Although we built a lot of web-based applications even 20 years ago, it should also be mentioned that, for most businesses, it was a “thick client” world. Many business applications were built as WinForms applications, because cross-platform deployment wasn't a big consideration for business applications. After all, why worry about users on a Mac when nobody in business used Macs? Therefore, WinForms applications, and later, WPF applications, were a very important market segment. (This isn't talked about very much anymore, but people are often surprised when I tell them how many companies are still building Rich Windows Client Apps even today.)

Apple was also not a real player in mobile computing yet. Yes, Apple had the Newton years earlier, but that was ahead of its time and was soon discontinued. Palm Pilots were also a thing of the past. But RIM's (Research-In-Motion) BlackBerry was all the rage for mobile enthusiasts (Figure 2). It may have later gotten Hilary Clinton into trouble as her email device of choice, but it was the state-of-the-art mobile business solution for quite some time. It seems quaint today, but it was considered unthinkable that a device without a physical keyboard could be feasible in business scenarios. This was an idea that Microsoft CEO Steve Balmer held onto way too long, in the process killing Microsoft's phone business. Today, most people don't even remember that Microsoft had a strong position in that market segment, with Windows Mobile and Windows CE.

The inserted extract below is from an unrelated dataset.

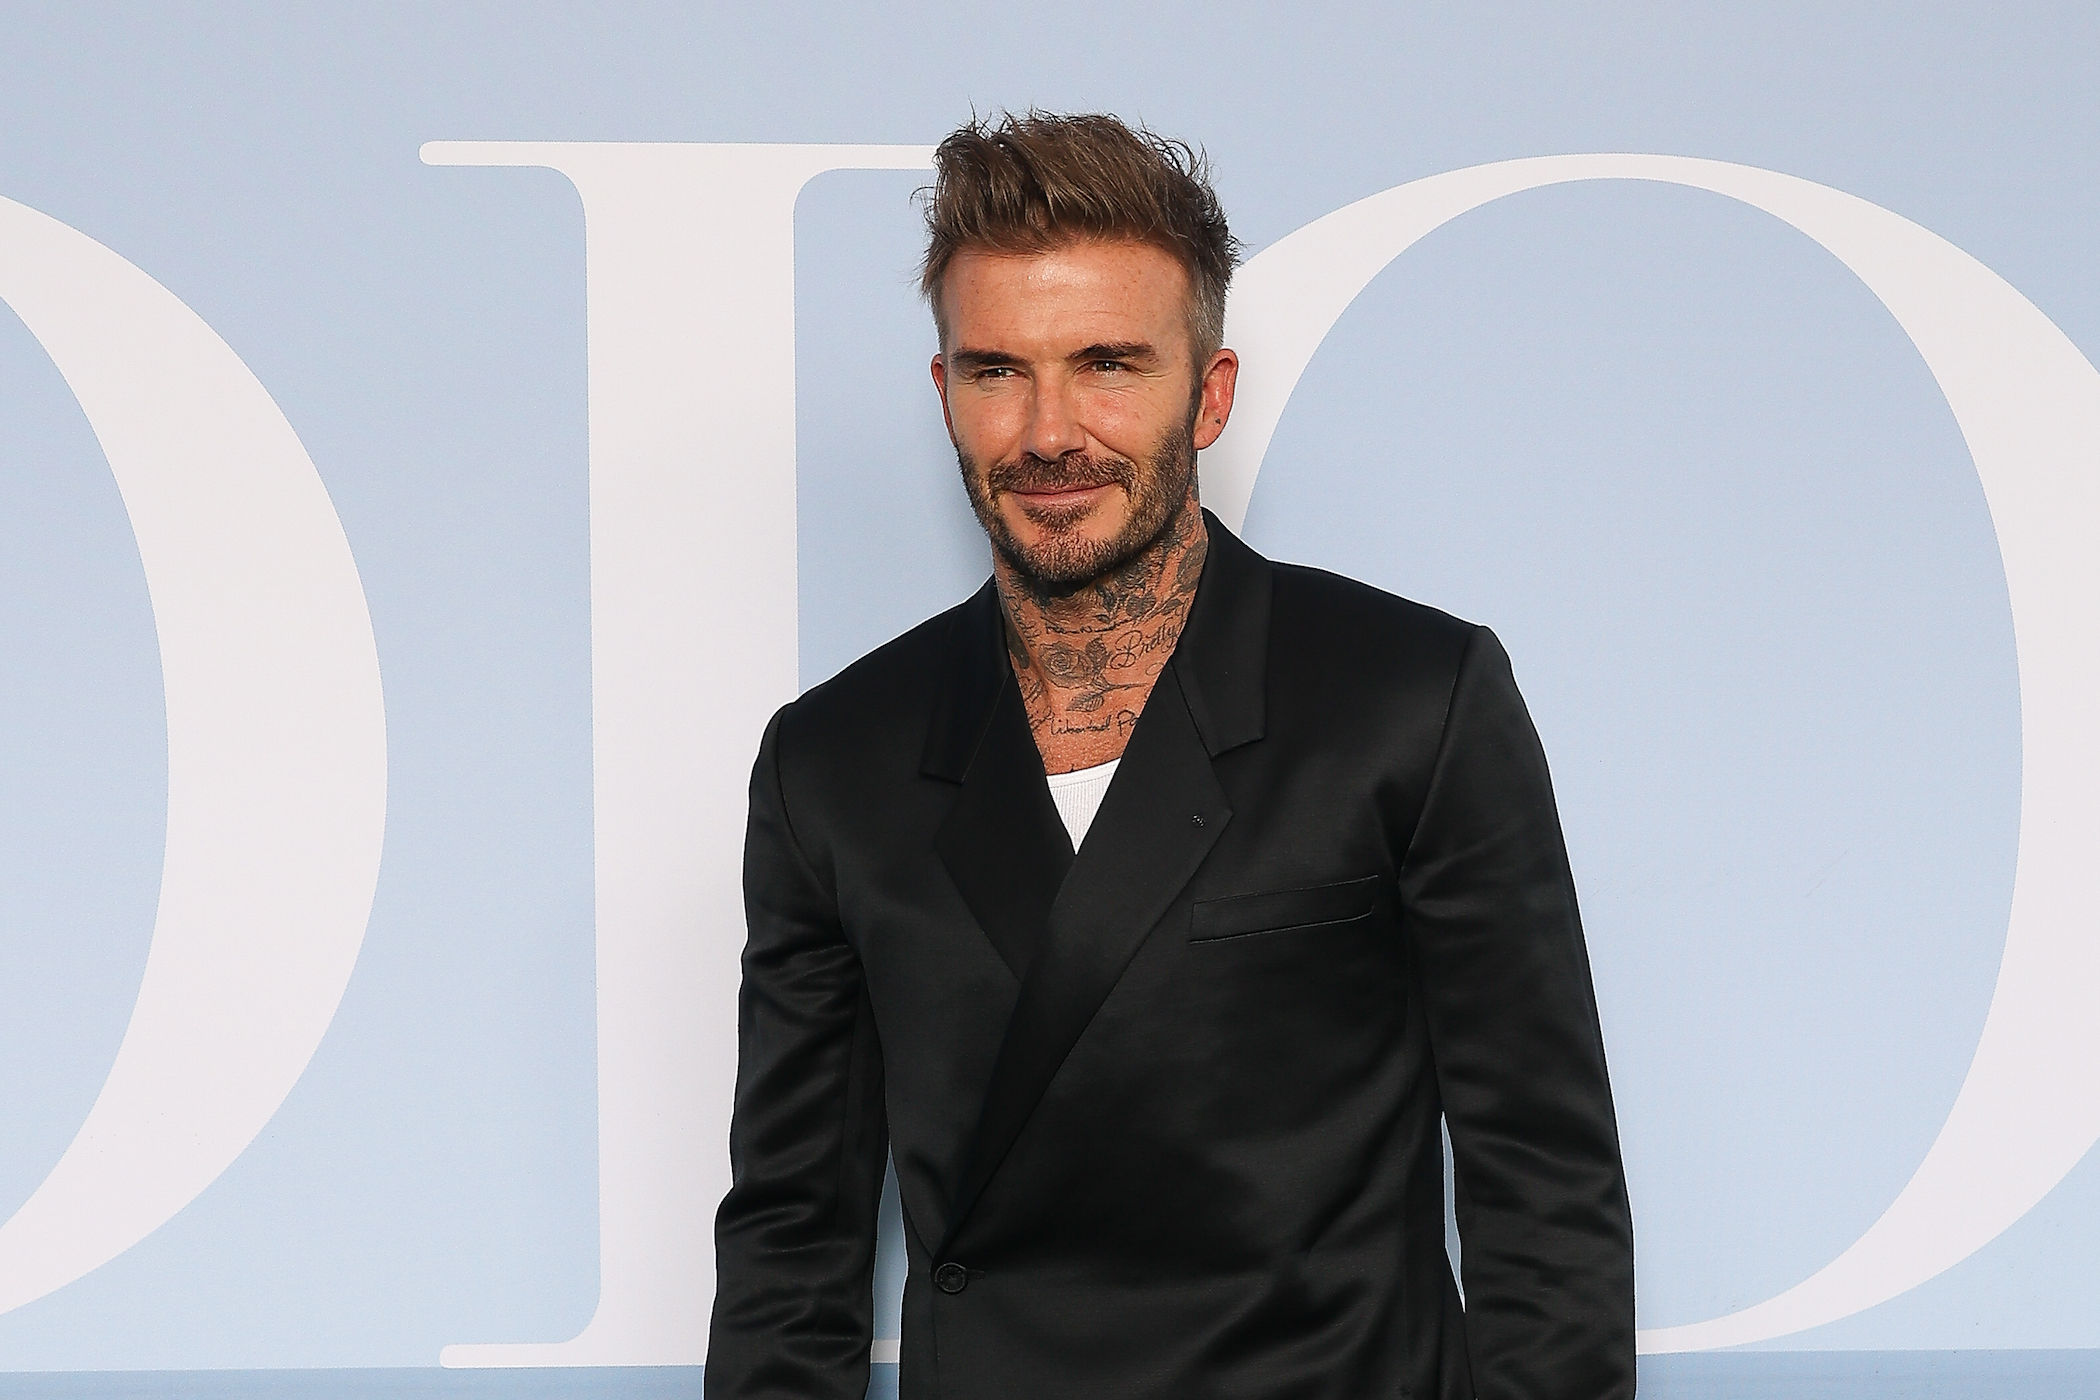 Afspejling Megalopolis Bugt David Beckham and 14 other famous people born in the Year of the Rabbit

Figure 2: The BlackBerry 6000, released in 2003
Figure 2: The BlackBerry 6000, released in 2003

The Fun Stuff

The early 2000s were also a fun time. After all, Microsoft released the first Xbox (Figure 3). What a machine that was! And the games it had! It may not have immediately been a strong competitor for the already established PlayStation system, but it sure put out some classics. Halo, Combat Evolved (Figure 4) was groundbreaking. It finally made first-person shooters truly work on consoles and brought such experiences into living rooms. But there were also others. For me, The Elder Scrolls III: Morrowind and Star Wars: Knights of the Old Republic stand out as particular time sinks.

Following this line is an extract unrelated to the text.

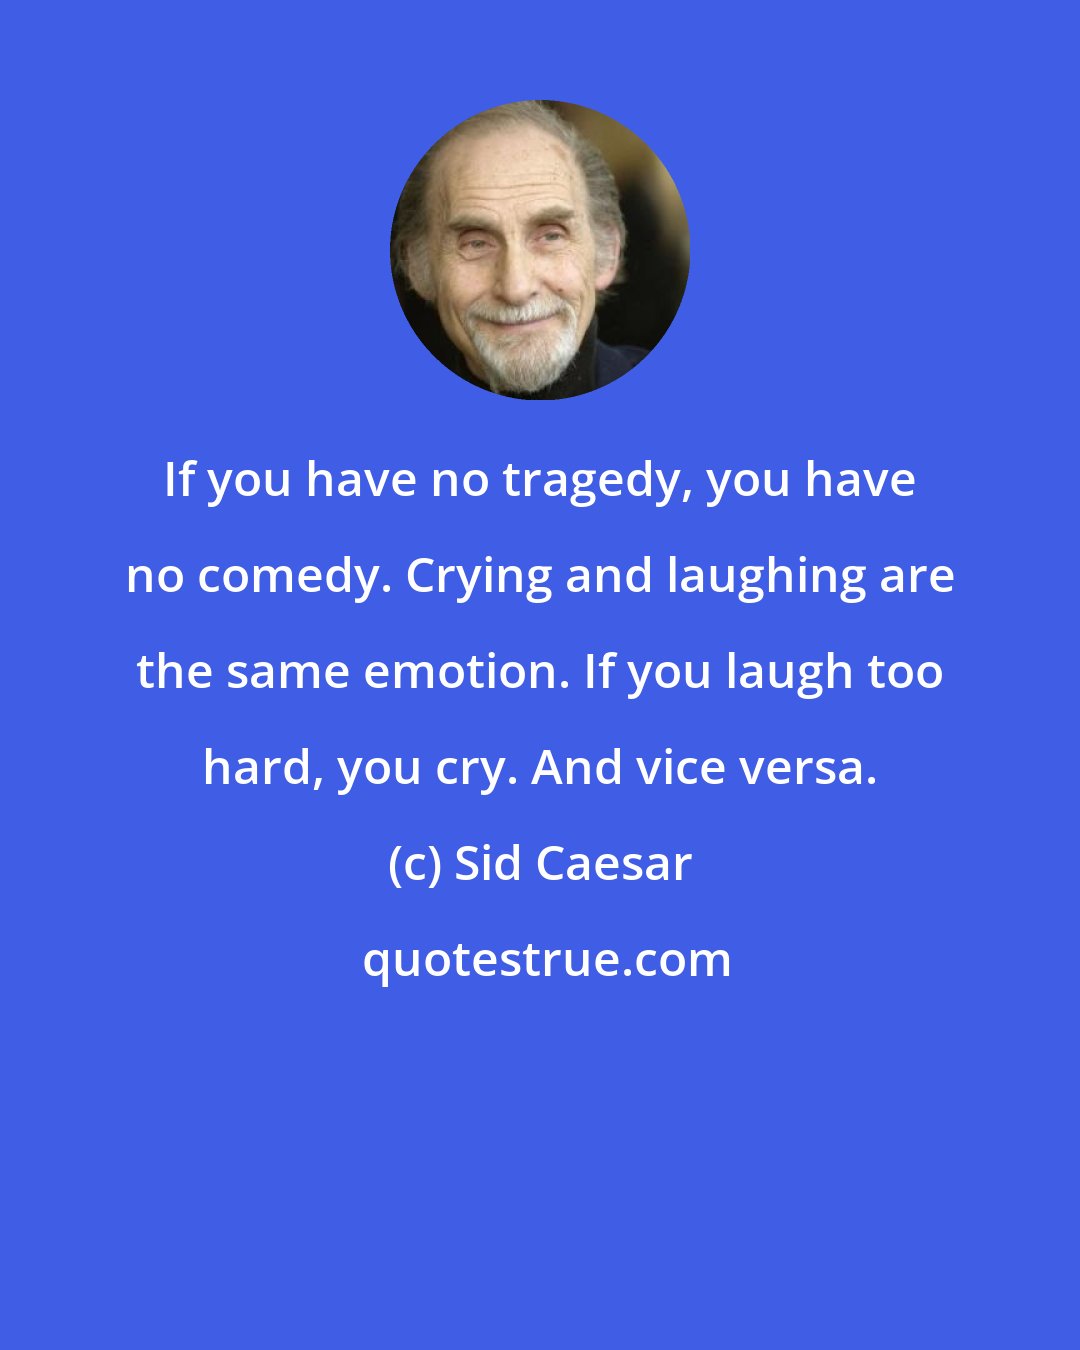 Sid Caesar: If you have no tragedy, you have no comedy. Crying and laughing are the same emotion. If you laugh too hard, you cry. And vice versa.

Figure 3: The first Xbox was released for the Christmas 2001 season.
Figure 3: The first Xbox was released for the Christmas 2001 season.
Figure 4: Halo: Combat Evolved
Figure 4: Halo: Combat Evolved

It's hard to believe that many of today's (and yesterday's) biggest brands in computer gaming date back to this era, whether you do your gaming on the Xbox, PC, PlayStation, or elsewhere. I very fondly remember classics such as Grand Theft Auto III, Max Payne, Warcraft III, Deus Ex, Half-Life 2, The Sims, God of War, and Metal Gear Solid II, to name just a few. Would you have guessed that World of Warcraft is now 20 years old? It seems that many of the games from back then are still on my “to be played one of these days soon” list, and not because they are classics, but just because I haven't quite gotten to them yet.

Although gaming went through a great period, I wasn't as excited about music back then. Chart toppers from 2003 and 2004 really don't resonate with me as true classics. I guess 50 Cent would disagree and rate In Da Club as one of the all-time great songs, but I'm not rushing out to buy a remix. The whole music industry took a blow from the Napster era and the Apple iPod, released in 2001, hadn't reinvigorated things yet. Or maybe I just wasn't that into that kind of music.

I did enjoy going to the movies back then though. There were some great ones. Lord of the Rings is at the top of my favorites from 2001 to 2003. Ah… they just don't make them like that anymore. Or actually, they do: This was also the start of the superhero movies, an era in which we are still stuck, it seems. Additionally, Pirates of the Caribbean resonated with people. The Passion of the Christ was released back then, and so was Finding Nemo. Star Wars Episodes I through III also fall into this time period. Yeah. I know. We shall not talk about that.